Springin' Into Adding and Subtracting 10's Game

I think I've said before that our new common core aligned math curriculum is a bit tough this year. Next year will be better, but this year has been slightly difficult due to the switch (our students just don't have the background knowledge needed yet). However, we're hanging in there, and I am impressed with some of the strategies my students have picked up. One of the strategies enVision teaches our students to use is to be able to use mental math to add and subtract 10's from a given 2-digit number. We've taught the kids how to do this by skip counting on/back by 10's, we've taught them using place value blocks/cube towers/ten frames, and we've taught them by using the hundreds chart. Students are realizing that this strategy makes computation easier and faster!

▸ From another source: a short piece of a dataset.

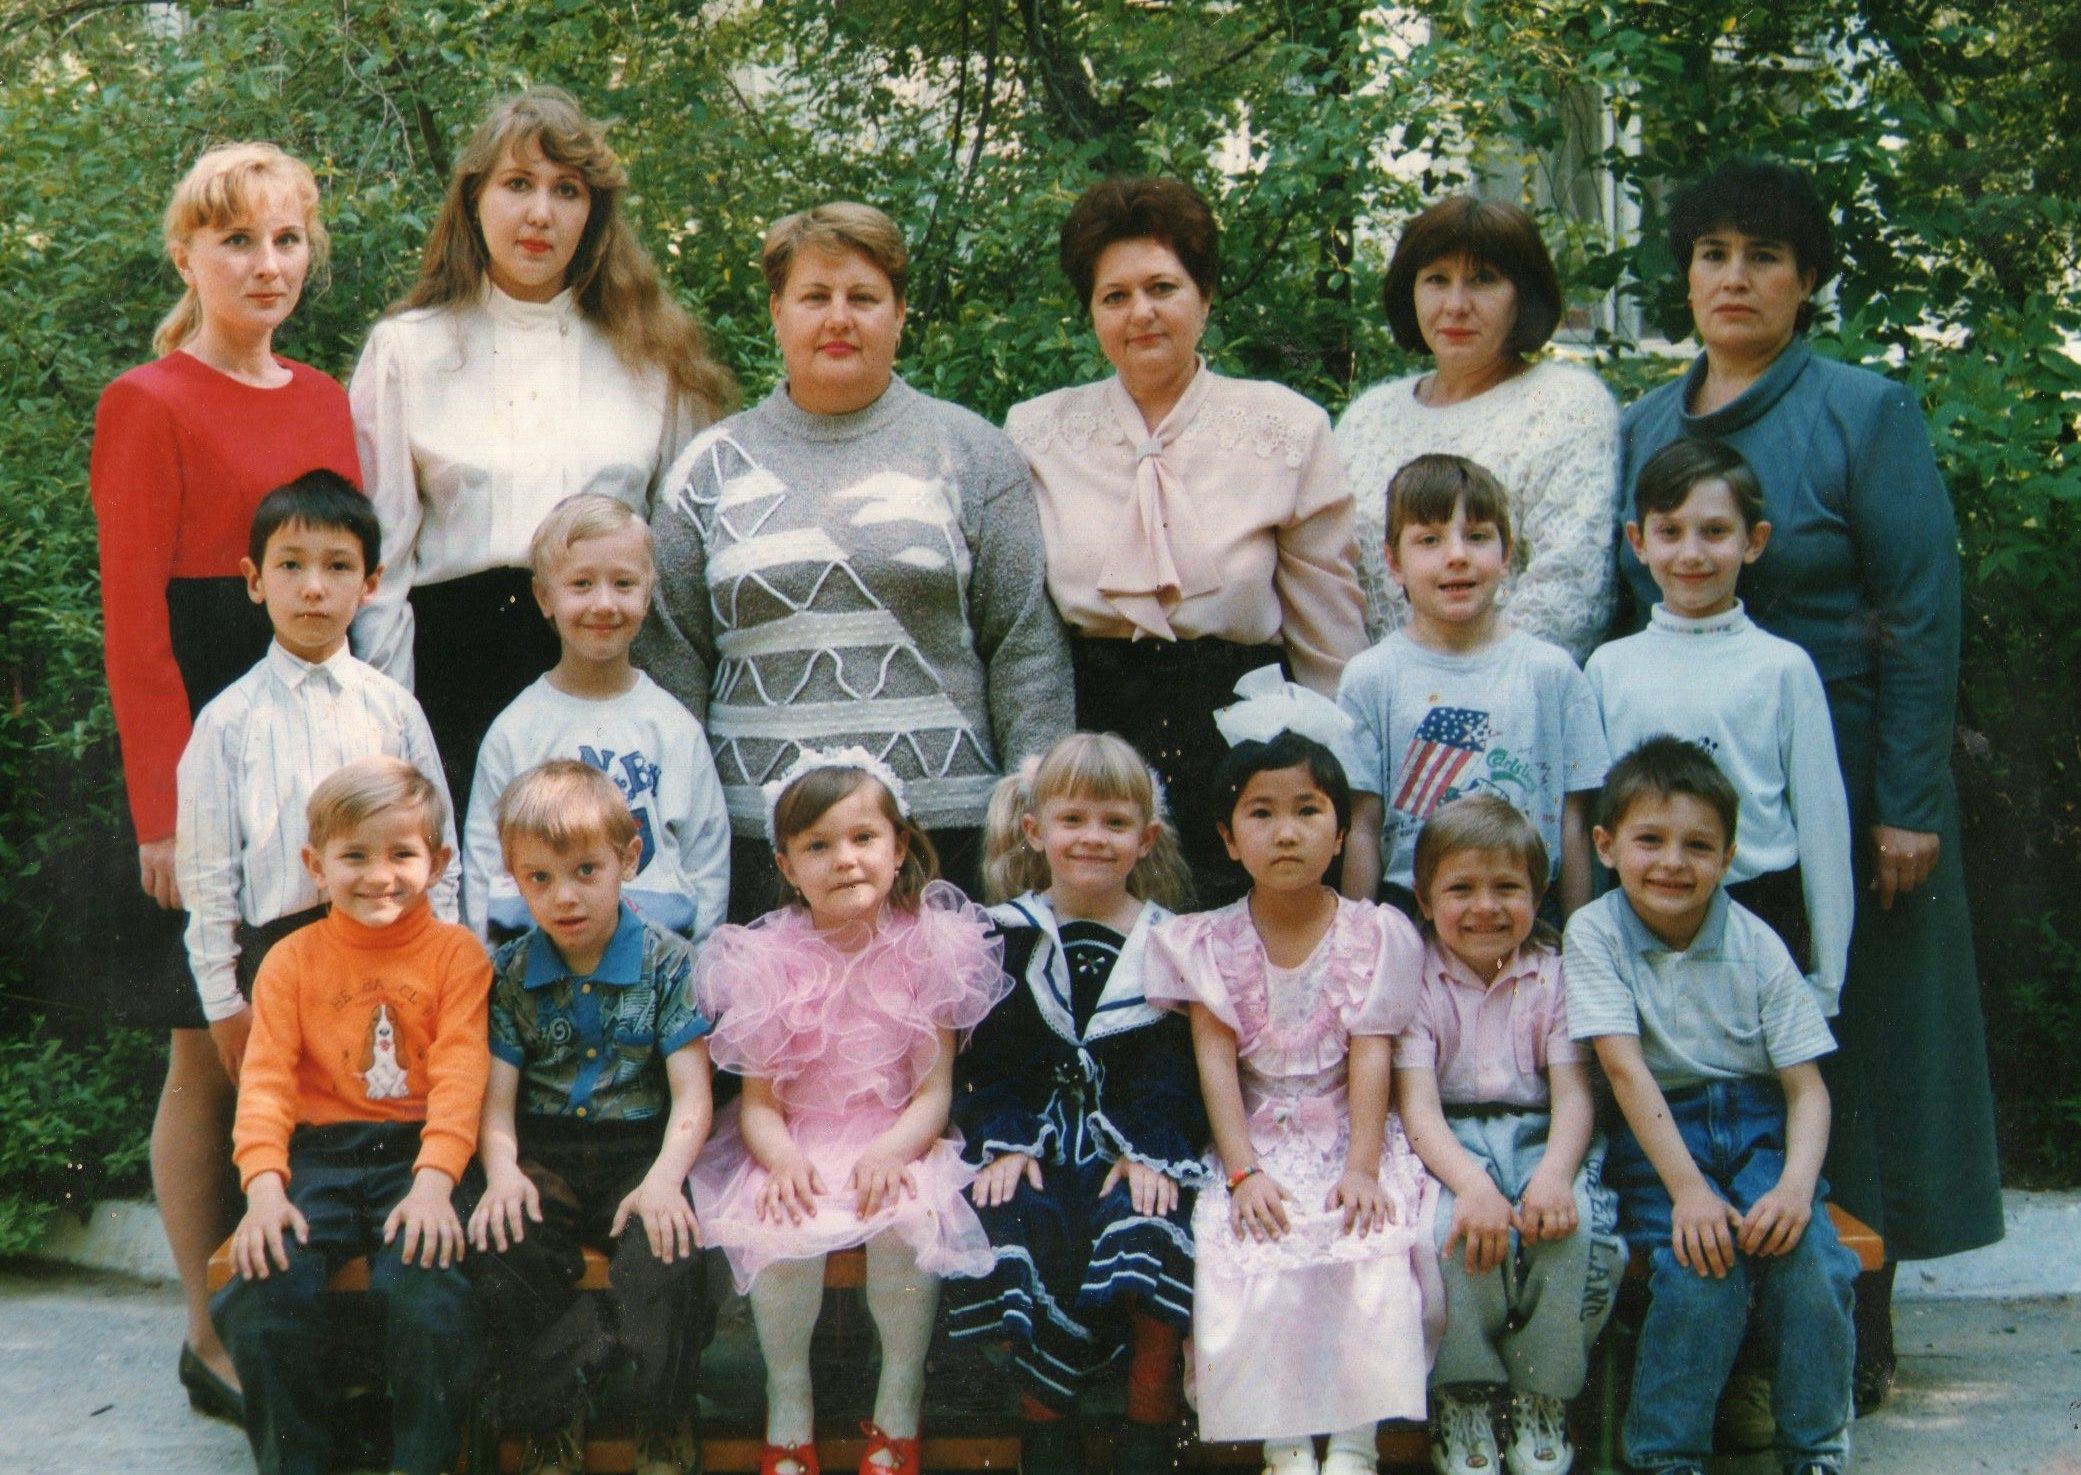 Ищу одногруппников по детскому саду находится в 16 микрорайоне, воспитывались примерно 1996-1997 годах.

I created this game for students to practice this strategy in order to increase their computational fluency. It will be going in the math center after introducing and practicing with it! Students should be able to solve the problems using mental math (of course they can get manipulatives if they need/request), but I am also having them write the problems on scrap paper so I can see how they're doing with it. To play, students place their game markers on start. They will then flip a colored counter/chip. If it lands on red, they will move forward 1 spot. If it lands on yellow, they can move 2 spots. The students must solve the problems for whatever spaces they land on. The first one to the end is the winner! If a student lands on a space that has a ZOOM arrow, he/she can cross the arrow over to the space on the other side. Enjoy the free printable game, and if you have time, please leave me some bloggie love if you download (just click the picture)! :-)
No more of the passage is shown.